Hong Kong pro-democracy protesters fought intense battles with riot police on a university campus and paralysed the city's upmarket business district Tuesday, extending one of the most violent stretches of unrest seen in more than five months of political chaos.
The confrontations followed a particularly brutal day on Monday, when police shot a protester and a man was set on fire, prompting calls from western powers for compromise but further fury in China against any challenge to its rule.
The city's universities emerged as a new flashpoint throughout Tuesday with sustained clashes at major campuses for the first time.
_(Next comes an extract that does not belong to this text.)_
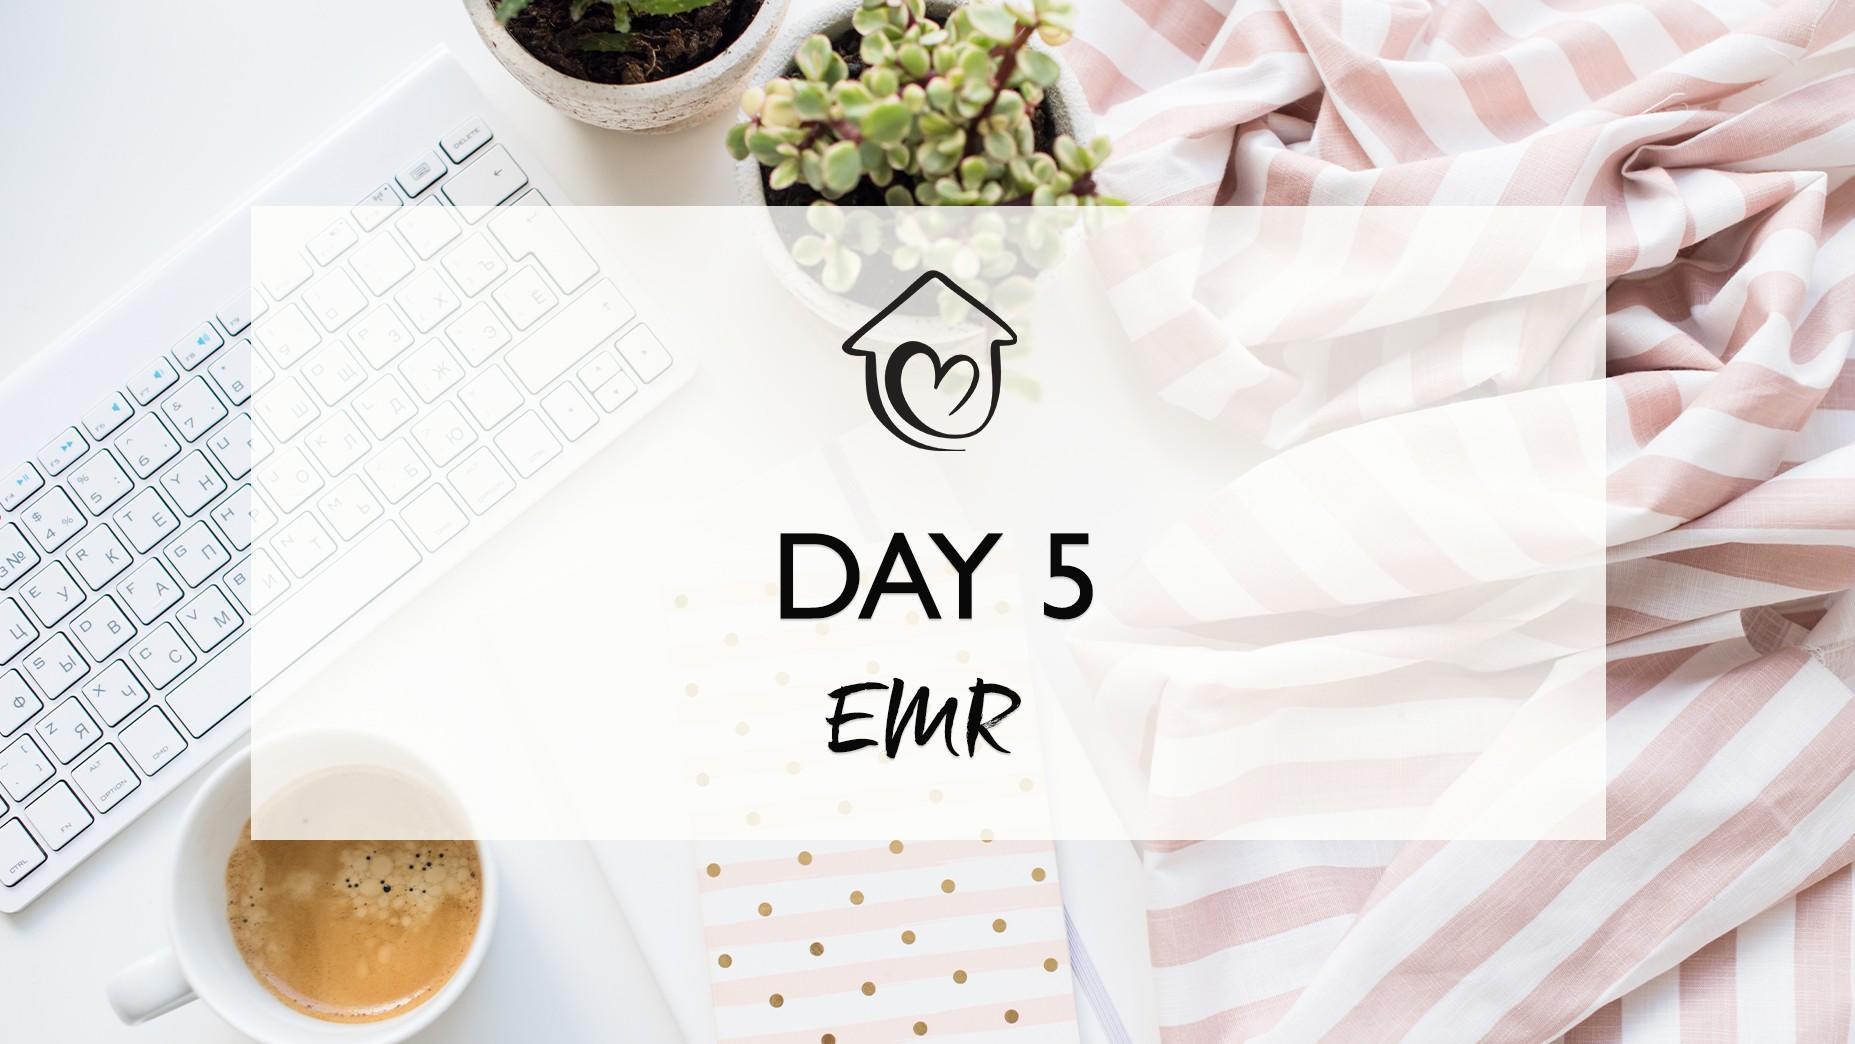 Day 5 - EMR

The epicentre was the Chinese University of Hong Kong where the usually placid hillside grounds were turned into a battlefield for hours.
Police fired repeated volleys of tear gas and rubber bullets at hundreds of protesters who responded with bricks and petrol bombs.
The clashes raged well into the night, despite faculty and staff trying to mediate, with flames lighting up the night sky and dense clouds of acrid smoke.
Police eventually used a water cannon truck and then began a retreat -- although sporadic tear gas fire continued -- and as midnight approached the campus remained in the hands of protesters behind their makeshift shield walls.
- 'When petrol runs out, I'll use my hands' -
A 19-year-old volunteer medic, who gave his first name Marco, said he had lost count of how many students he treated who had been struck by rubber bullets.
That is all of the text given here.